- [Collected material]:
________________________________________

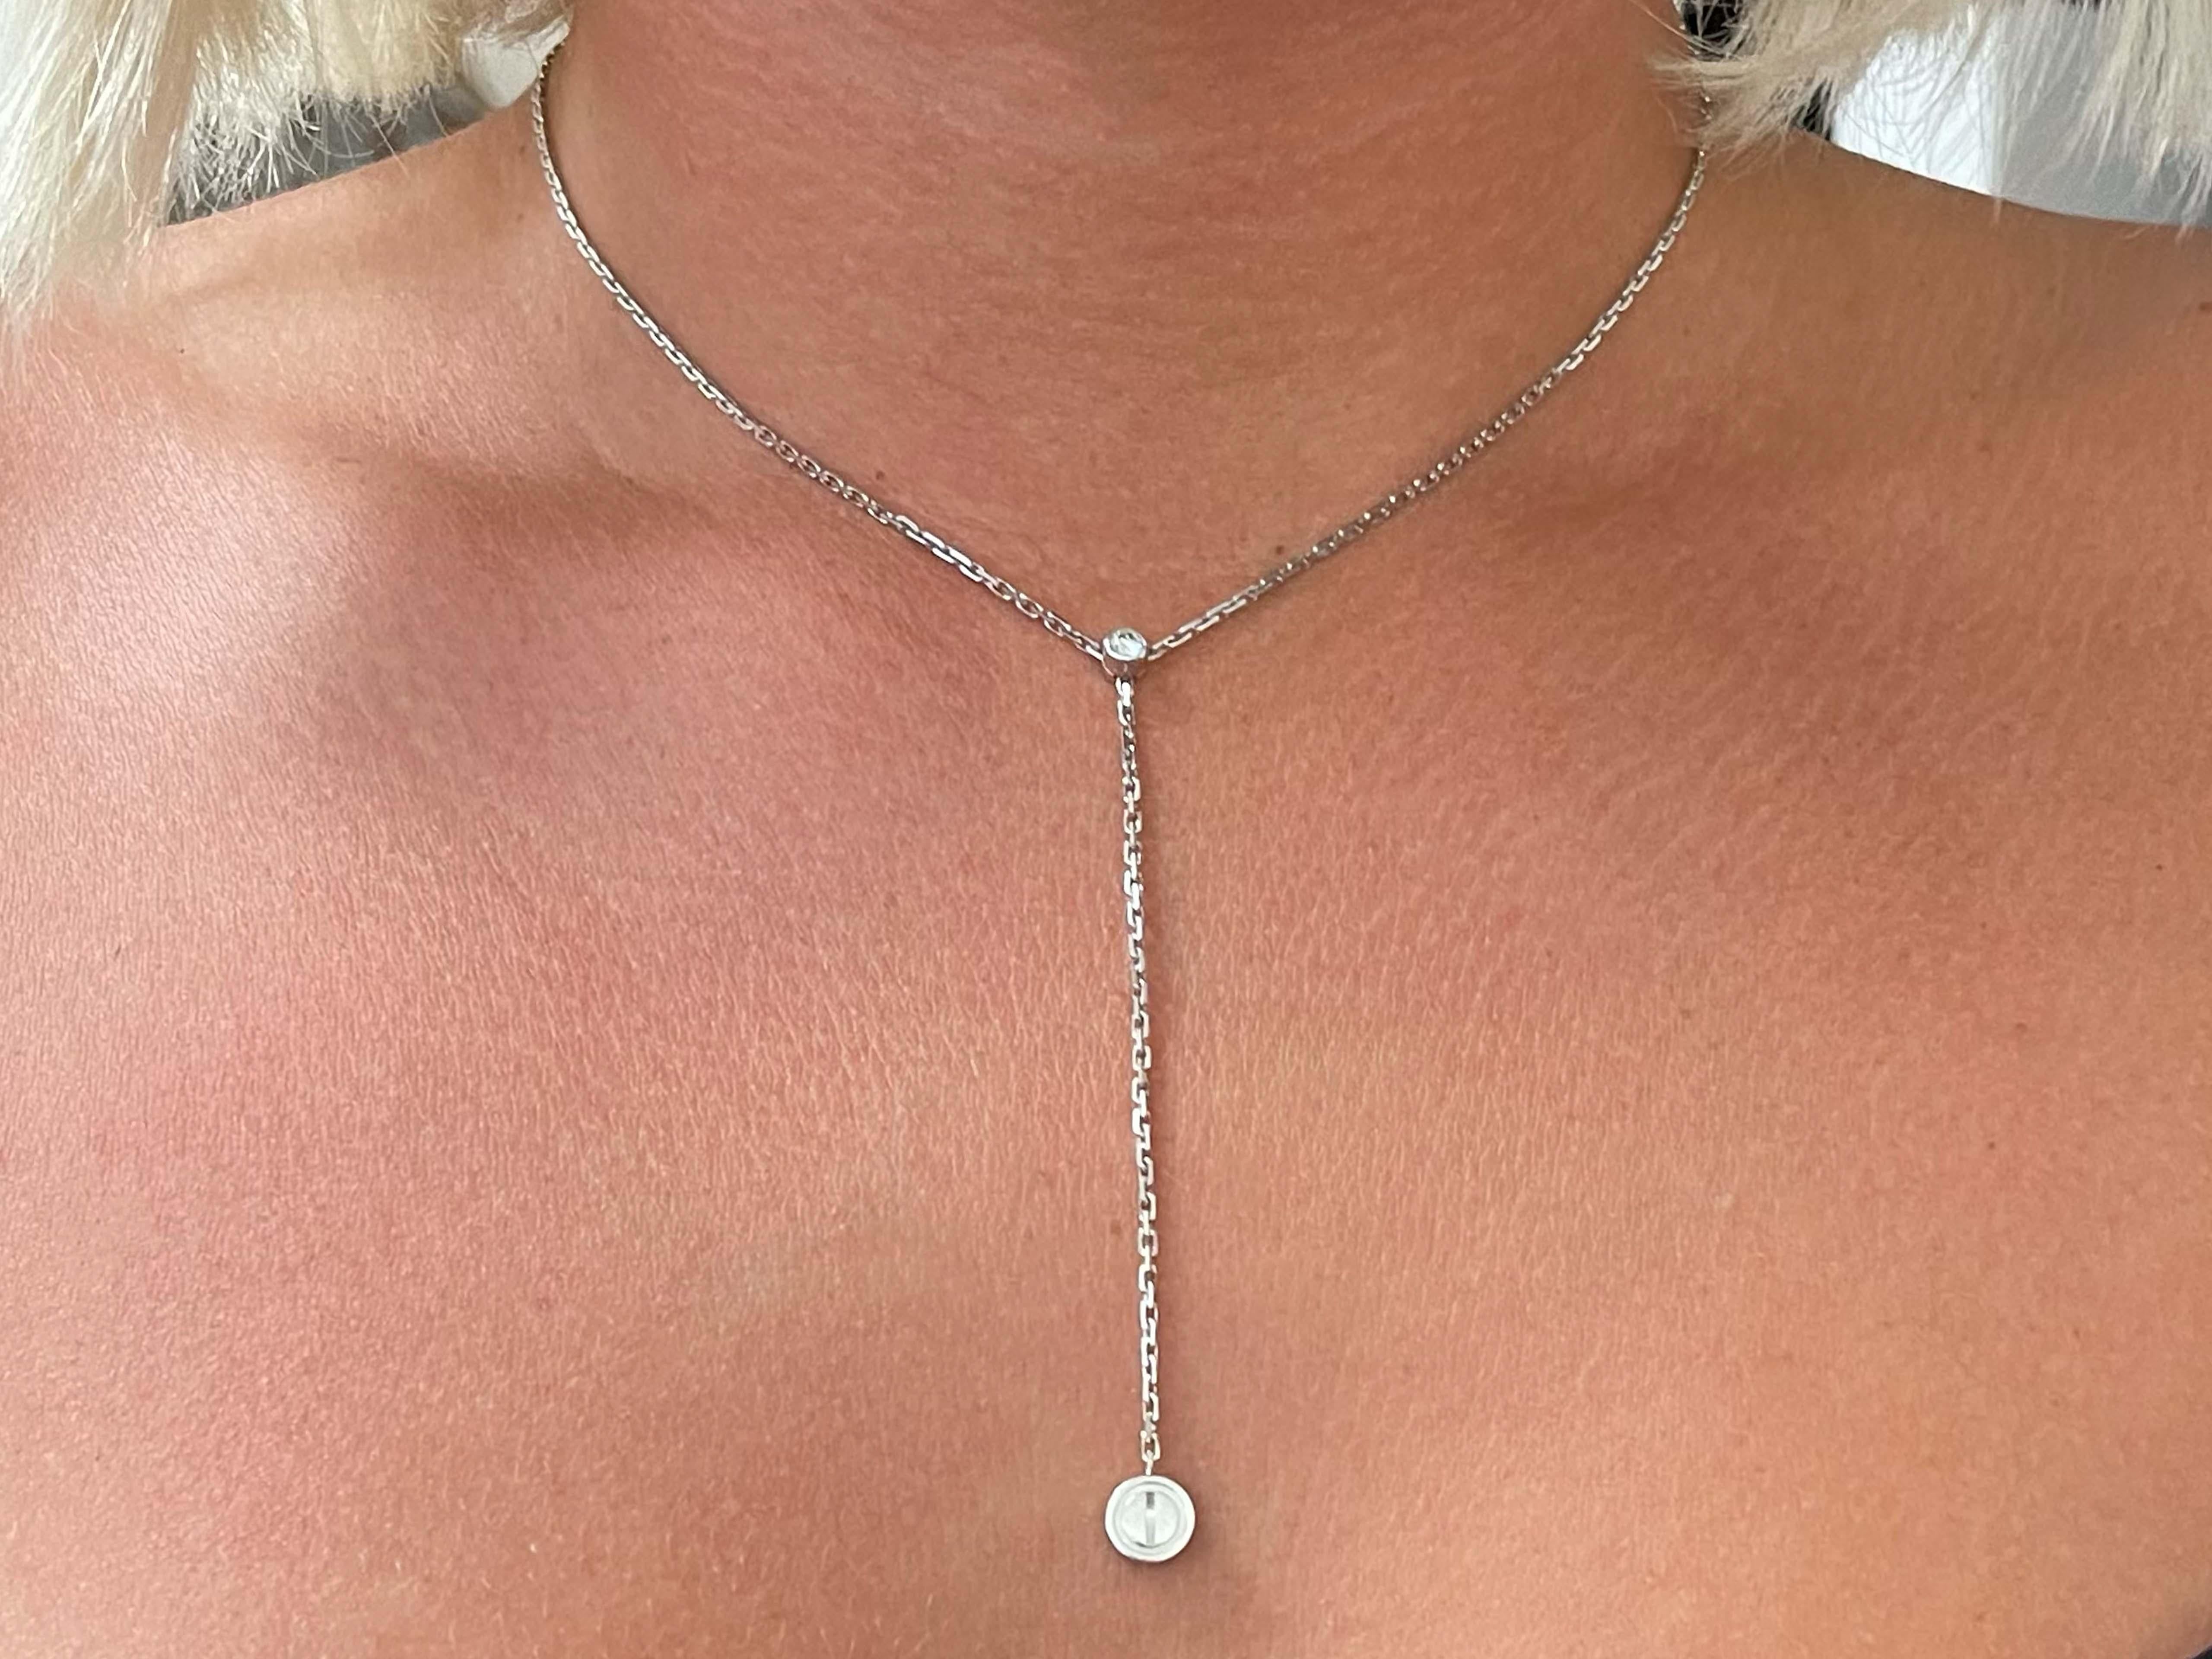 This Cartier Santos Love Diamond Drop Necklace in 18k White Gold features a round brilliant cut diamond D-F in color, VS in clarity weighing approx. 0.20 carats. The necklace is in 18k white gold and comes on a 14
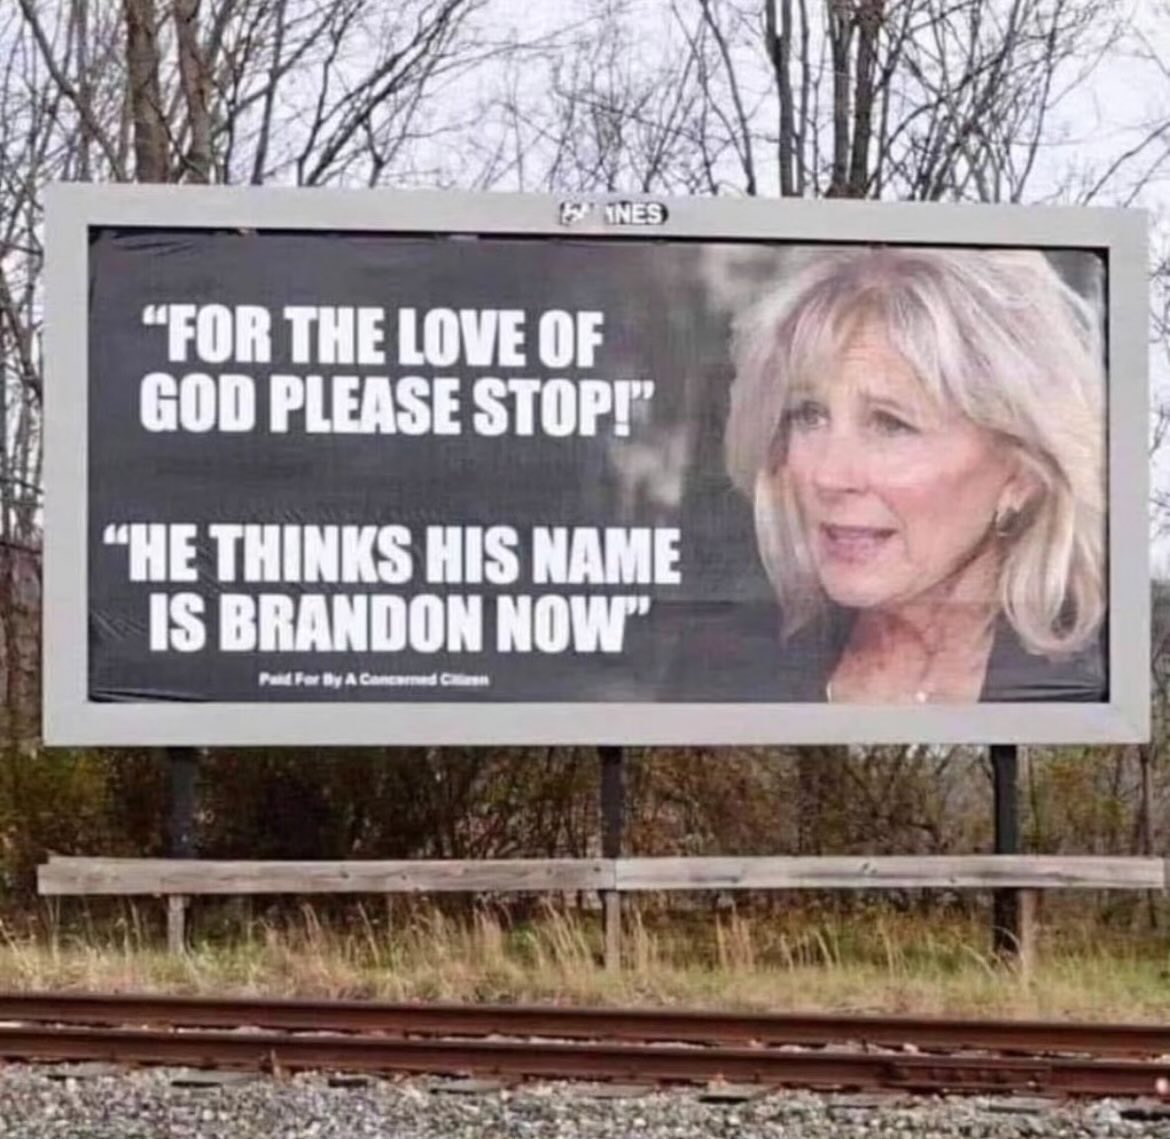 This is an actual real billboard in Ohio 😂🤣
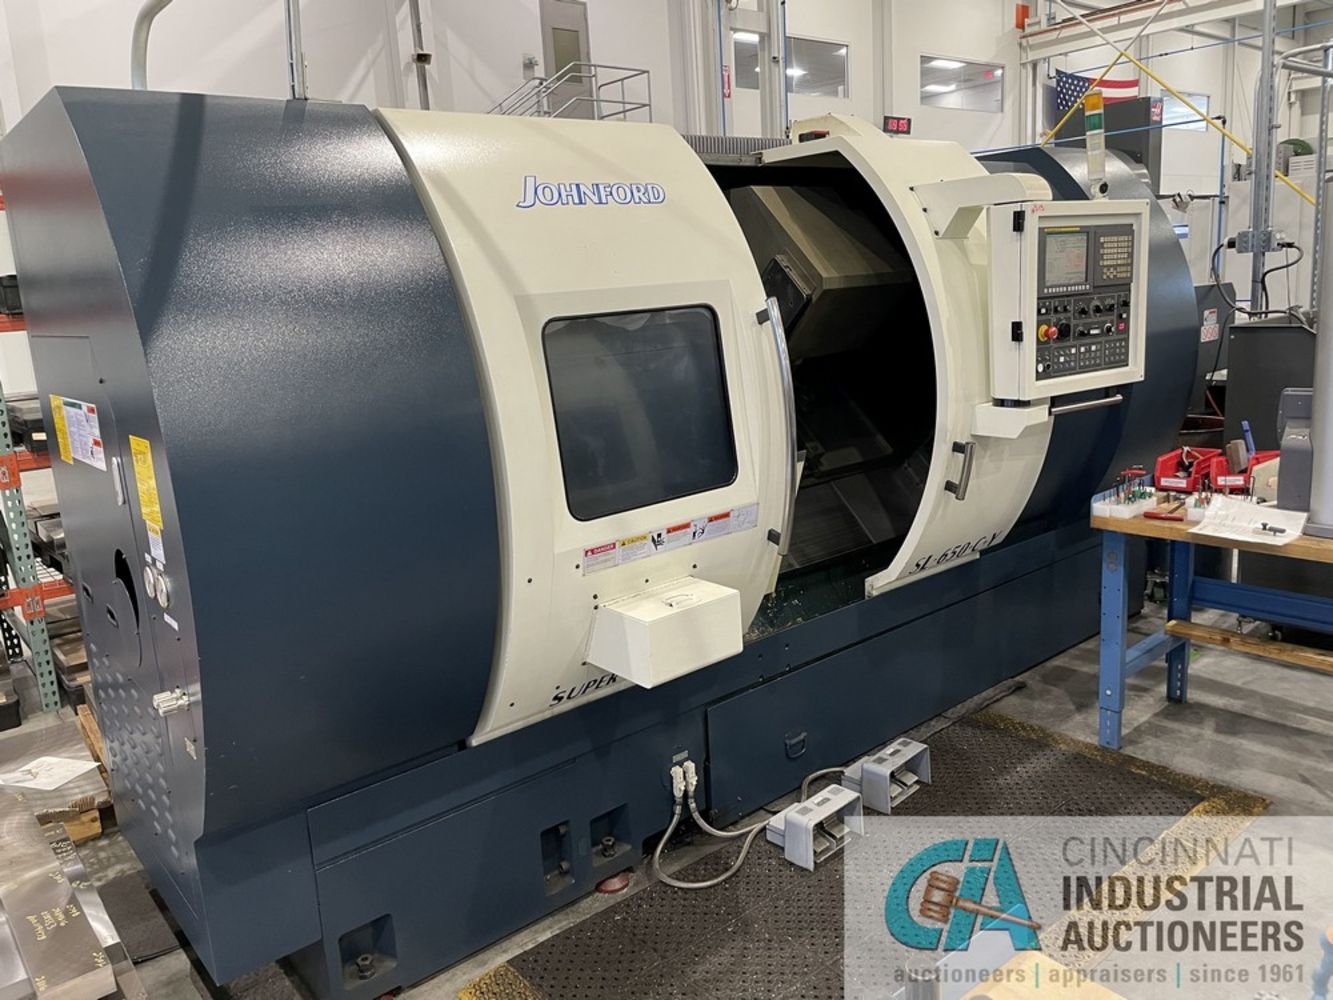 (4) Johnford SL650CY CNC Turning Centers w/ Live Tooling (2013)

________________________________________

- [Activity]: With images left out, the data must be transcribed exactly.

- [Result of this task]:
 This Cartier Santos Love Diamond Drop Necklace in 18k White Gold features a round brilliant cut diamond D-F in color, VS in clarity weighing approx. 0.20 carats. The necklace is in 18k white gold and comes on a 14
 This is an actual real billboard in Ohio 😂🤣
 (4) Johnford SL650CY CNC Turning Centers w/ Live Tooling (2013)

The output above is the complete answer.